Keywords otoacoustic emissions - auditory brainstem responses - efferent pathways - speech
Introduction
The human auditory system consists of afferent and efferent pathways that interact
with each other while processing the auditory information.[1 ] The efferent pathways of the auditory system are believed to aid in selective attention,[2 ]
[3 ] protect the inner ear from auditory fatigability and acoustic trauma,[4 ]
[5 ]
[6 ] and improve the coding of signals embedded in noise,[7 ]
[8 ]
[9 ] speech perception in noise,[10 ]
[11 ]
[12 ]
[13 ] and sound localization in noise.[14 ] The role of efferent auditory pathways on speech perception in noise has received
greater attention among researchers,[10 ]
[11 ]
[12 ]
[13 ]
[15 ]
[16 ]
[17 ]
[18 ]
[19 ]
[20 ]
[21 ]
[22 ] but their functional role in speech perception is not understood.

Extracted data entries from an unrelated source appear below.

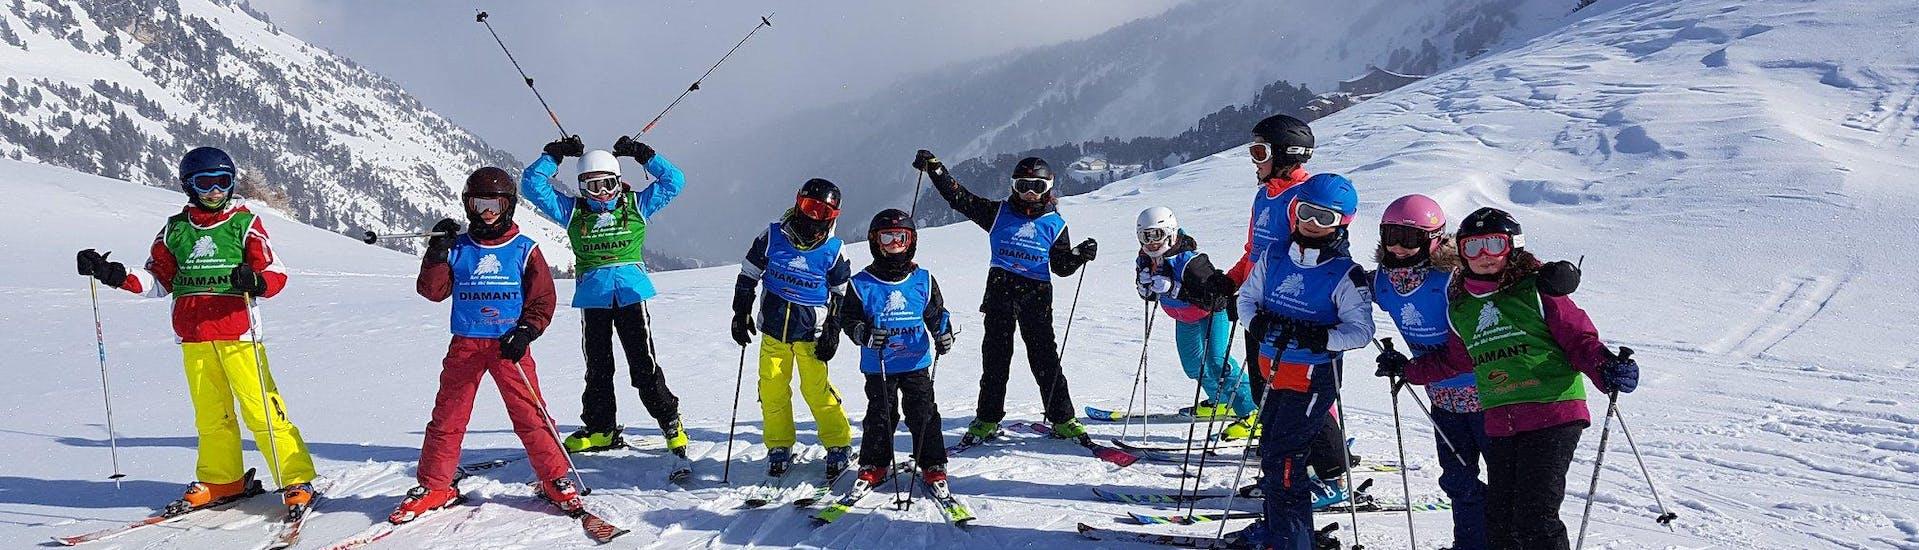 kids-ski-lessons-5-12-years-holiday-morning-esi-arc-aventures-hero
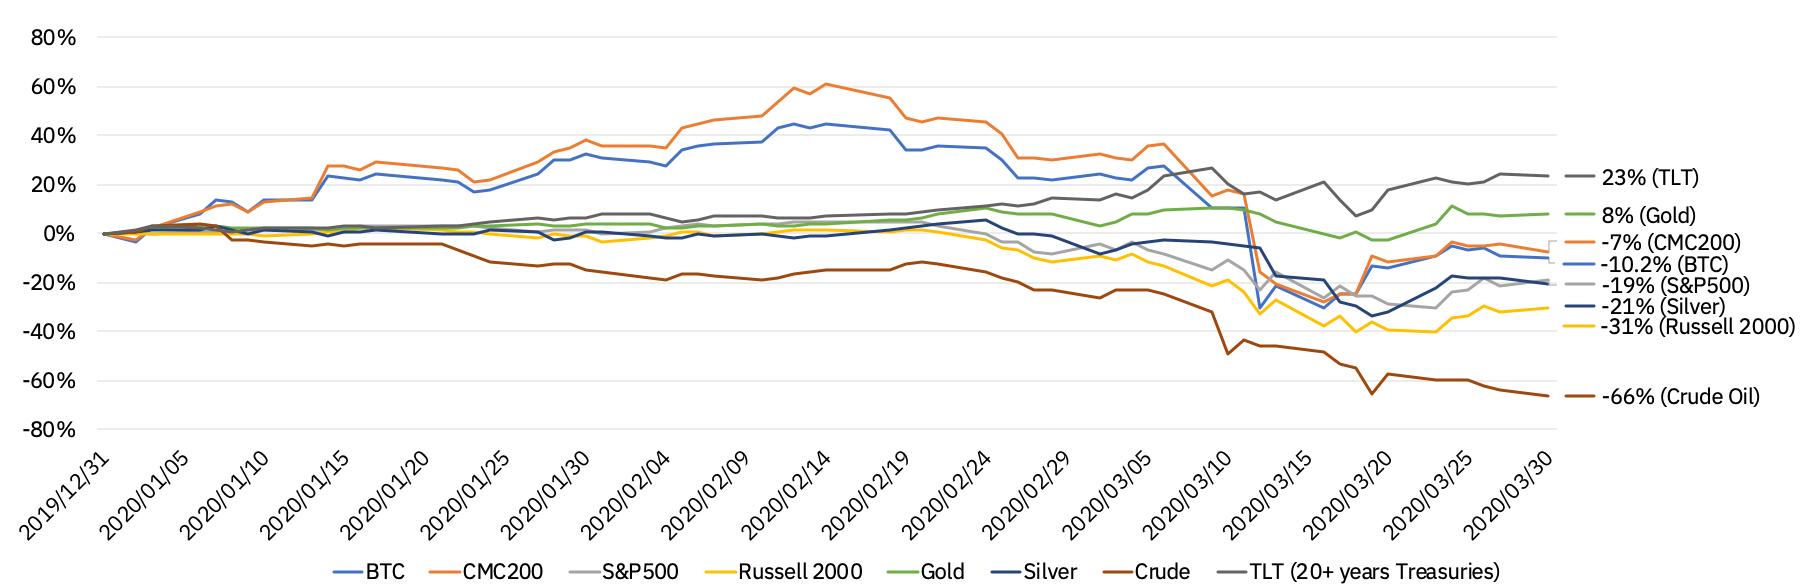 quarterly performance financial assets Q1 2020
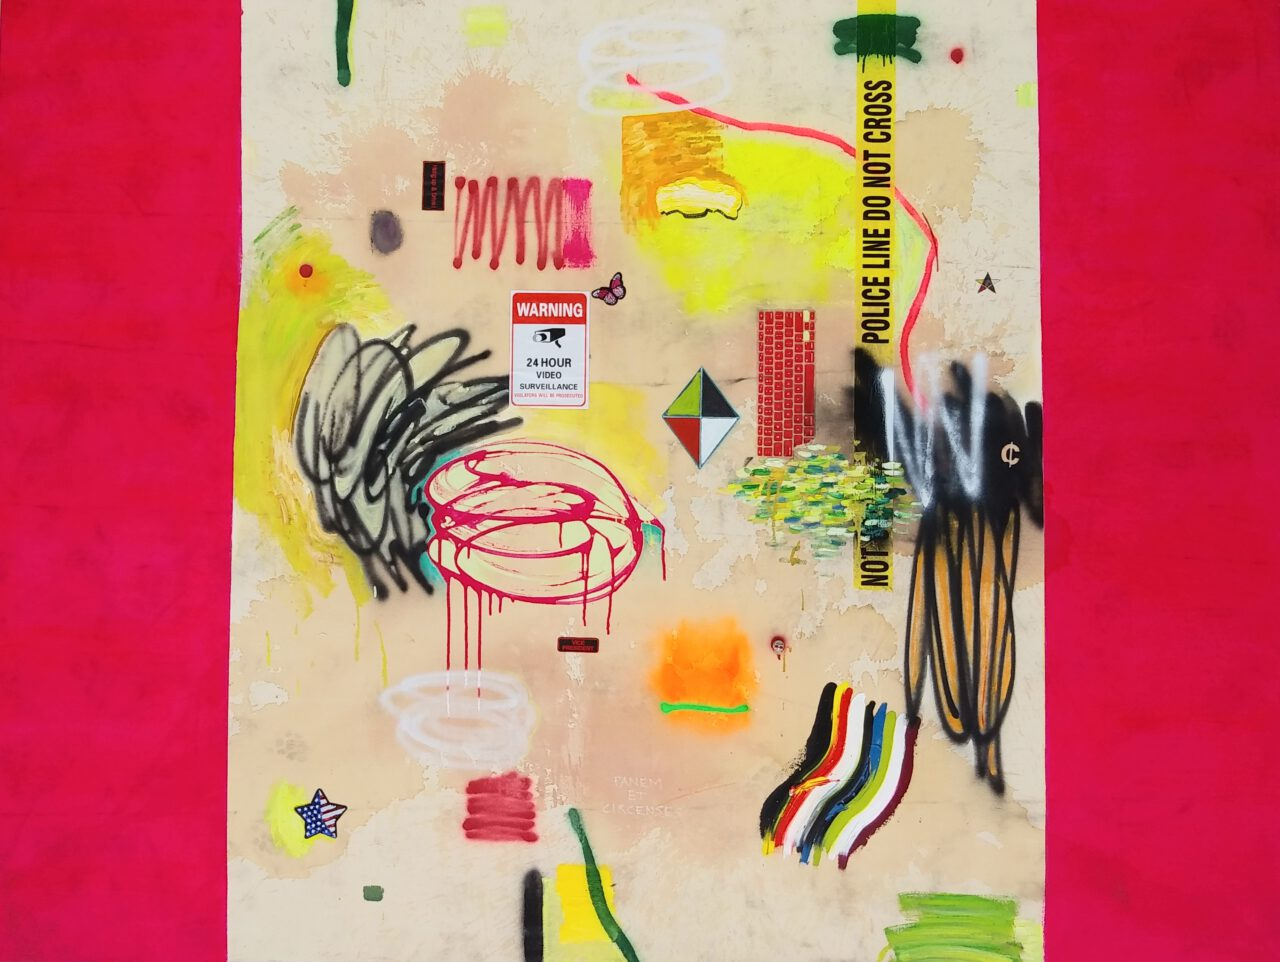 Empire series - MiT#132 (Panem et Circenses - magenta). 2020. oil, acrylic, spray paint, tea, coffee, wine, motor oil, rubber, marker pen, patch, sticker, leather glove, denim, plastic tape, metal ornament skull, security camera on canvas. 72 x 96 inches

Several studies have investigated the role of efferent auditory pathways on the perception
of speech in noise. Earlier, investigations were performed among individuals who had
undergone transection of the olivocochlear bundle during vestibular neurectomy.[11 ]
[17 ] These investigations elicited efferent activity of the auditory system by presenting
noise to the contralateral ear of participants (referred to as contralateral noise).
Findings of the above investigations showed a significant improvement in speech identification
score (5–10%) among normally hearing individuals when noise was presented to the contralateral
ear. In contrast, no such improvement in speech identification score was observed
among individuals who had undergone vestibular neurectomy. These findings revealed
the significance of efferent pathways for the perception of speech in noise. Thus,
the efferent pathways are assumed to improve speech perception in noise.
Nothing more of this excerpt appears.